If you don't want to wait for a given compute() function to complete each time you run the script, you can cache it:

import cacha

result = compute(data) # regular usage, slow

result = cacha.cache(compute, (data, ))  # usage with cache

The cached data is stored in $HOME/.cacha/. Each time you run the function with identical input arguments, the output data will be loaded, instead of being computed.

It can be easily used with popular data structures like pandas.DataFrame or numpy.array. In case of complicated python objects that can't be easily hashed, you can use an additional key parameter that forces saving the cache based on the key value.

import cacha

result = cacha.cache(compute, (data, ), key="compute-v3")

FAQ

How is it different other caching packages?

In contrary to many other tools, cacha:

  • is used at the function call, not definition. Many packages implement the @cache decorator that has to be used before definition of a function that is not easy enough to use.
  • it stores the cache on disk which means you can use cache between runs. This is convenient in data science work.

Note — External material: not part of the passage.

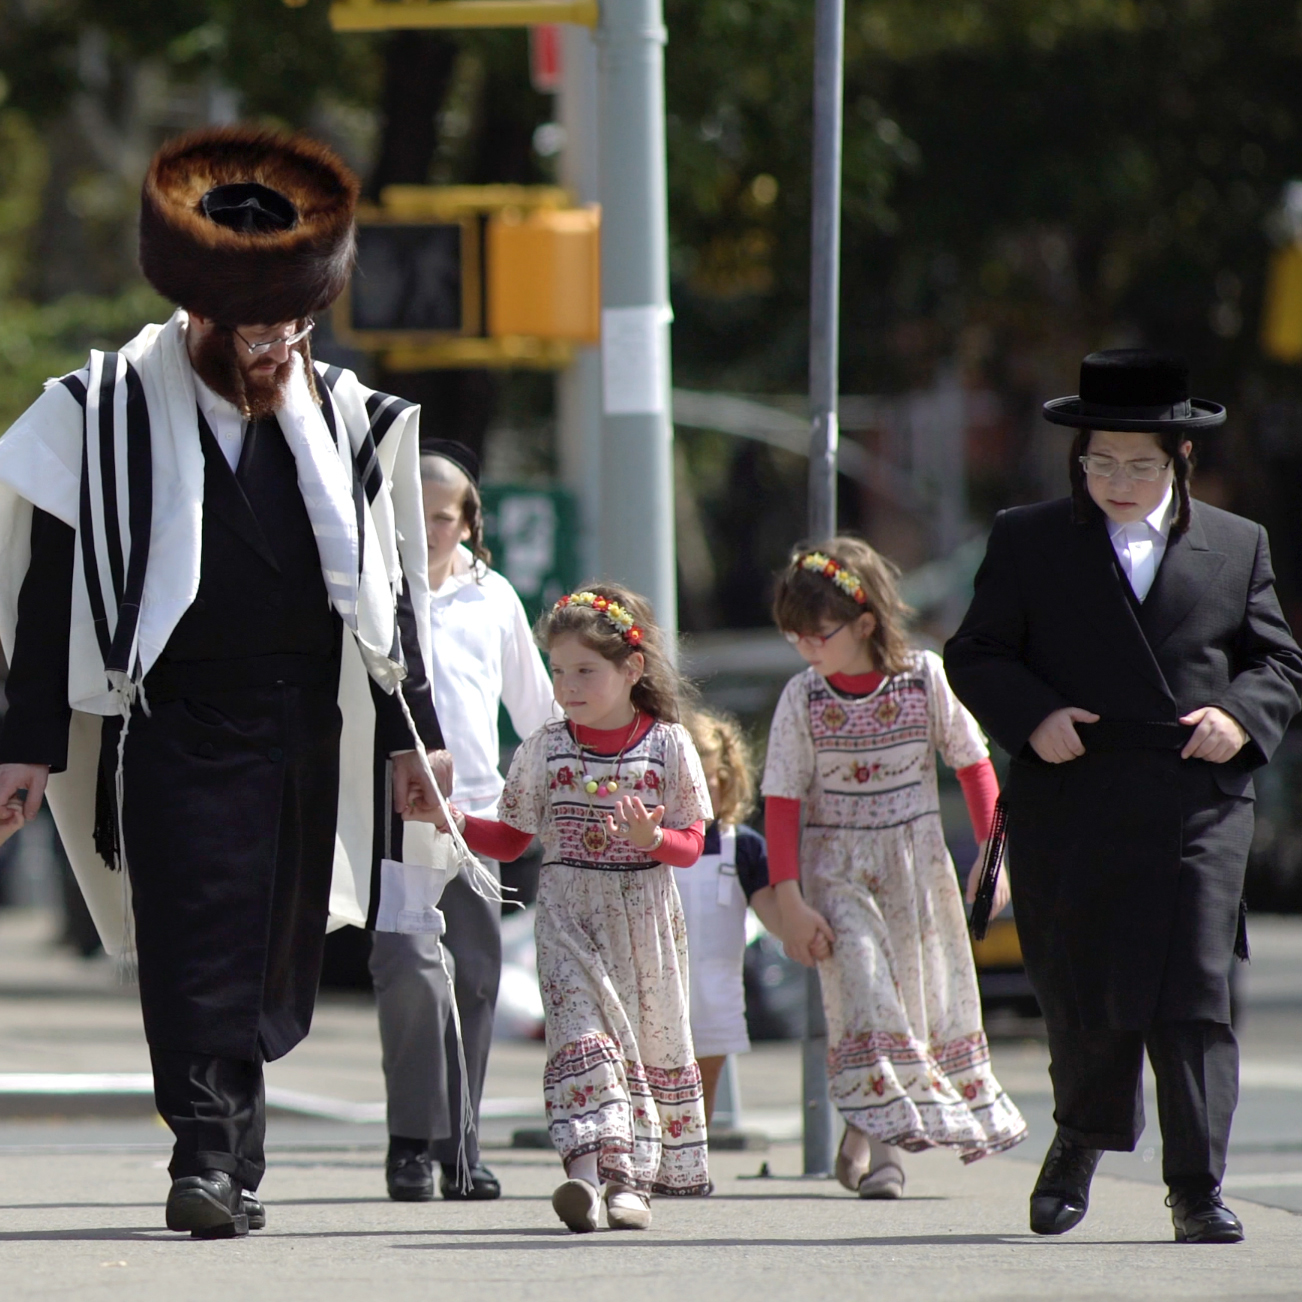 Еврейский район - Хасиды, Кошерный Бруклин
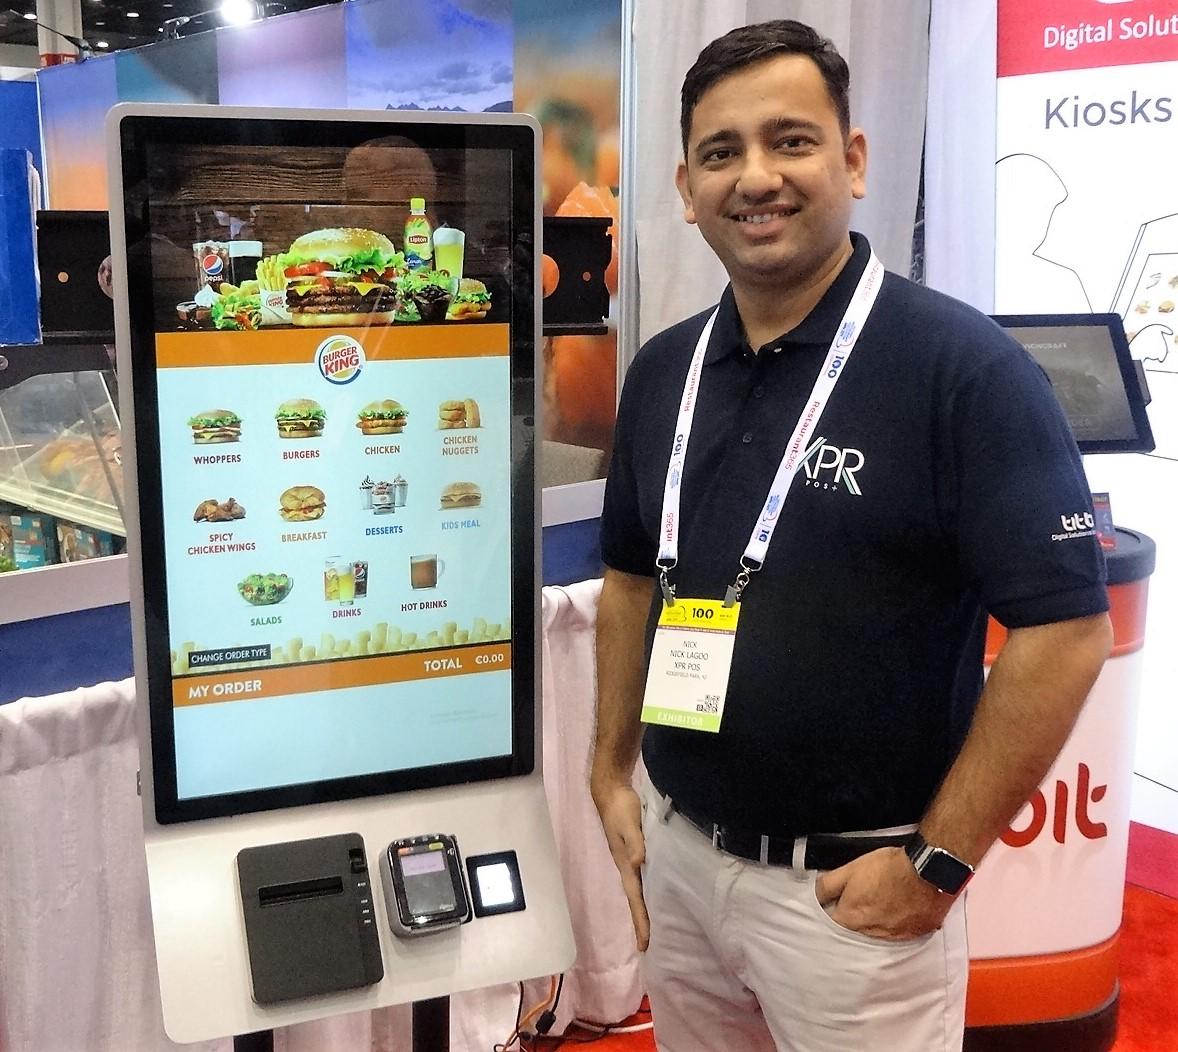 Kiosk Marketplace editor reviews 39 kiosk companies at

How can I clear the cache?

Just delete the $HOME/.cacha/ directory. You can also call cacha.clean() which has the same effect.

Why does it require the pandas, numpy and other libraries?

To properly cache the objects from specific packages, it is necessary to have access to the functions they provide in that regard.

The main goal of cache is not to be lightweight but to provide the best developer experience.

However most of the required packages are usually used in Machine Learning projects anyway.